Half Of The “Now And Then” Chicks Are Now Knocked Up
What in the name of Scott Wormer is going on here? First Christina Ricci announces to Us Weekly she’s rented out her womb to a tiny doll-faced fetus, now Gaby Hoffmann has confirmed to People that she too is chauffeuring a baby around inside her body. Next thing you know, Thora Birch will be announcing in the diaper aisle of a San Gabriel CVS that she would consider having a baby, and also that she’s finished filling out her job application and she’s ready to meet with the manager. And sadly, we’ll never hear from Ashleigh Aston Moore, because she’s singing “Knock Three Times” with the angels now.

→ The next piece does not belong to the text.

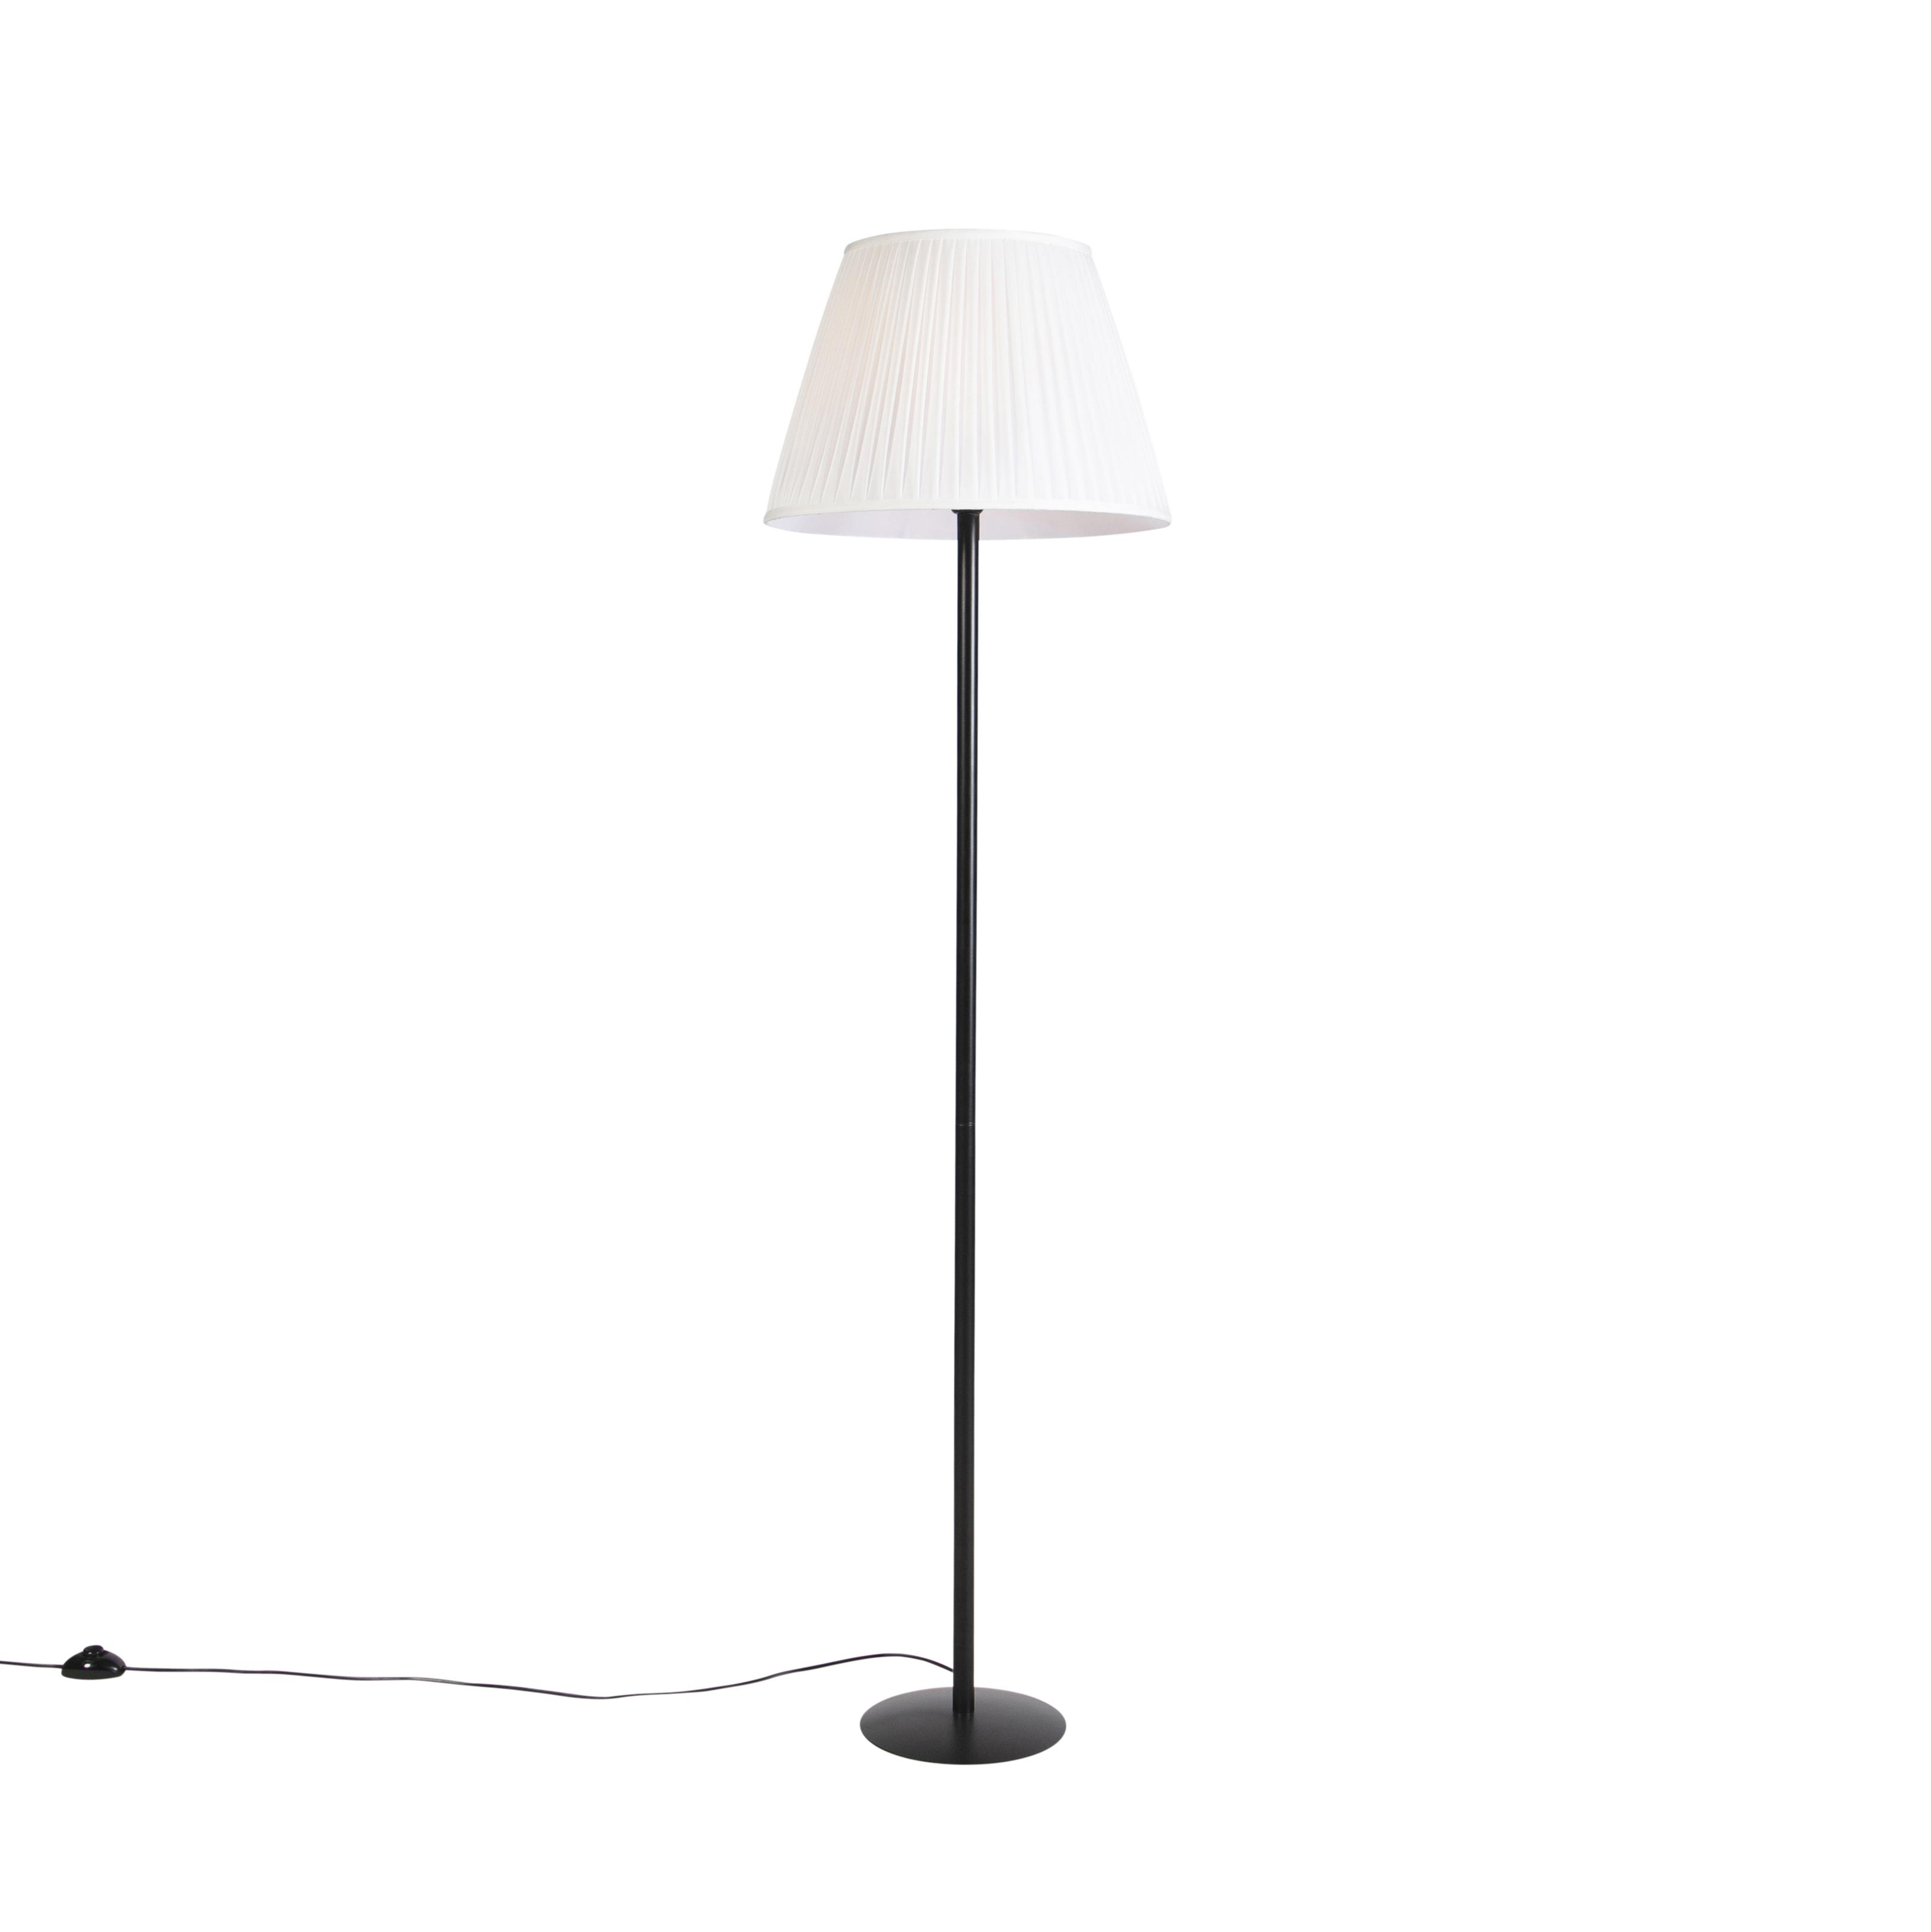 Moderne vloerlamp zwart met witte plisse kap 45 cm - Simplo

Gaby Hoffmann, the little girl from Field of Dreams, Uncle Buck, and Adam’s insane sister on Girls, will soon be a member of the stroller mafia. People says that Bagy (typo that stays because it’s what the picture above would want) showed up to the premiere of the film Obvious Child on Wednesday night showing off the kind of stomach that says “Get me a pickle and a pint of Cherry Garcia to dip it in.” No word on who the father is, so I’m going to guess either Michael Cera or the Magical Cactus.

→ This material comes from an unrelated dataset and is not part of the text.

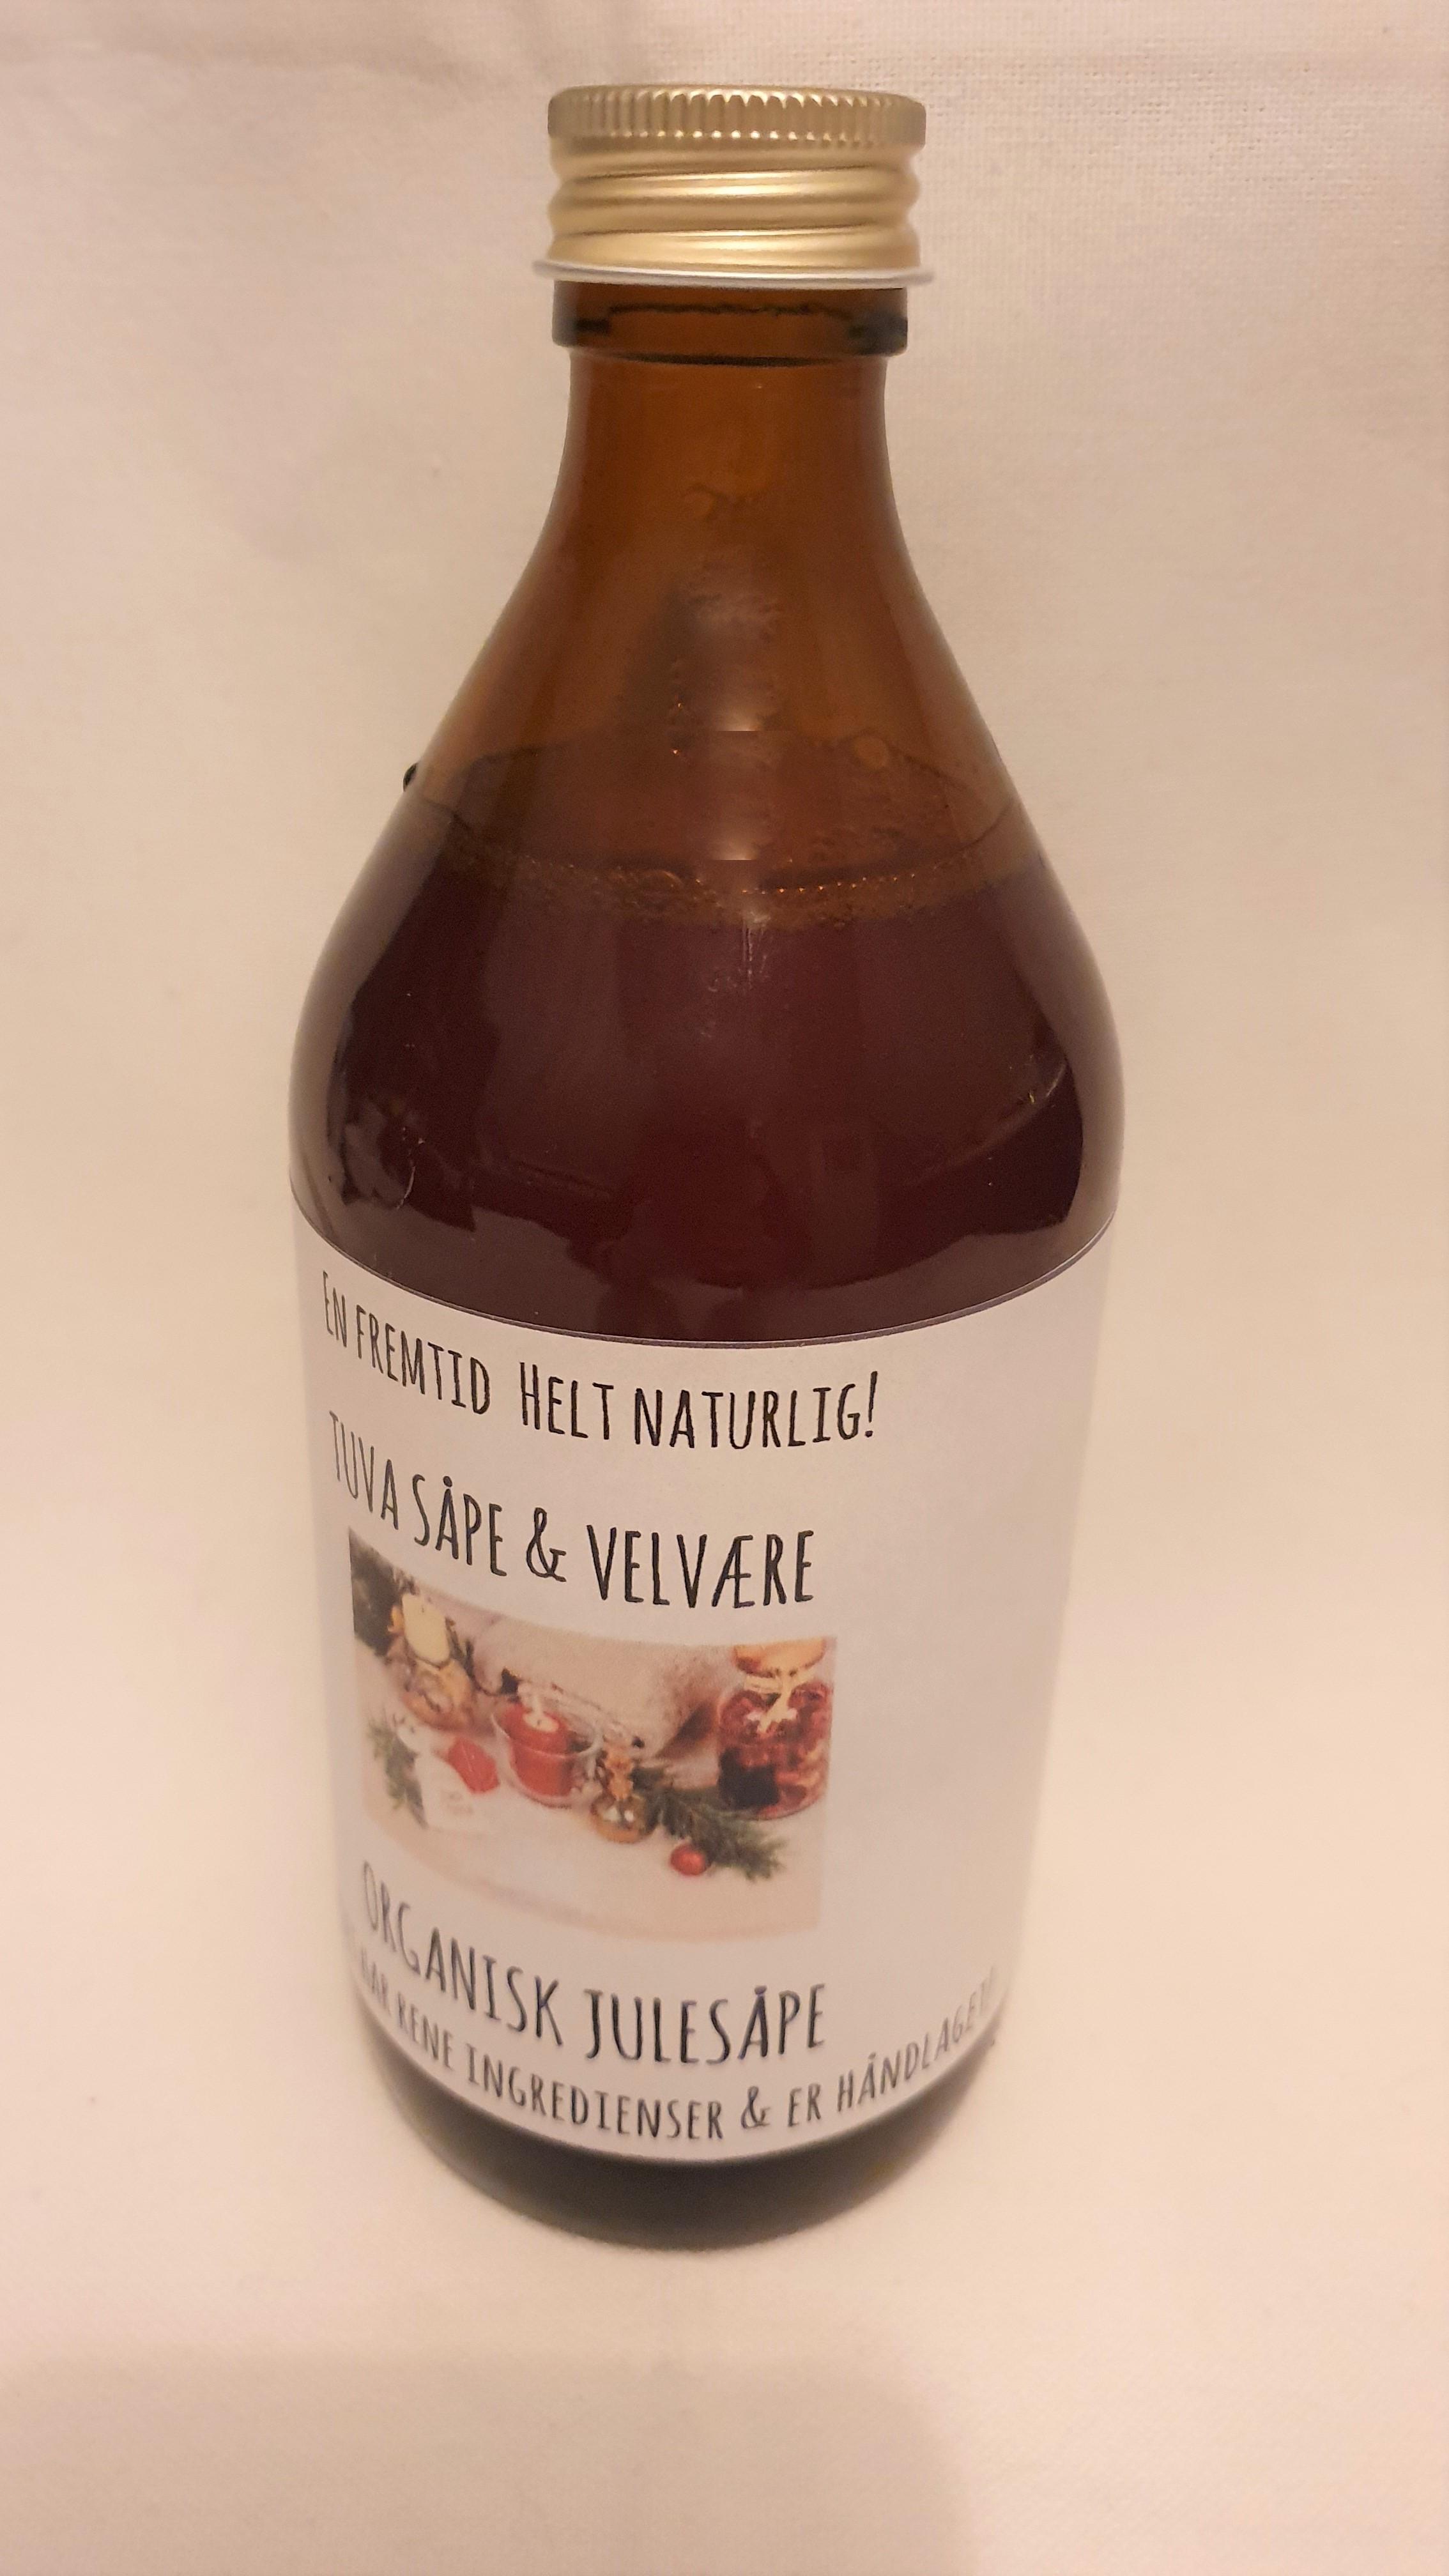 Glassflaske med Organisk Julesåpe  Appelsin & Kanel

No T no shade, Gaby reminds me of the kind of person Katy Perry would buy healing crystals from, so I look forward to several months from now when we’re treated to some truly Shailene Woodley-worthy birth stories. Forget eating the placenta, Gaby will wear the placenta like a hat as a symbol of her child’s brave journey from the womb, and then once it’s all dried up, she’ll proudly cut off her placenta-crusted hair and knit herself a drawstring pouch for her Diva Cup.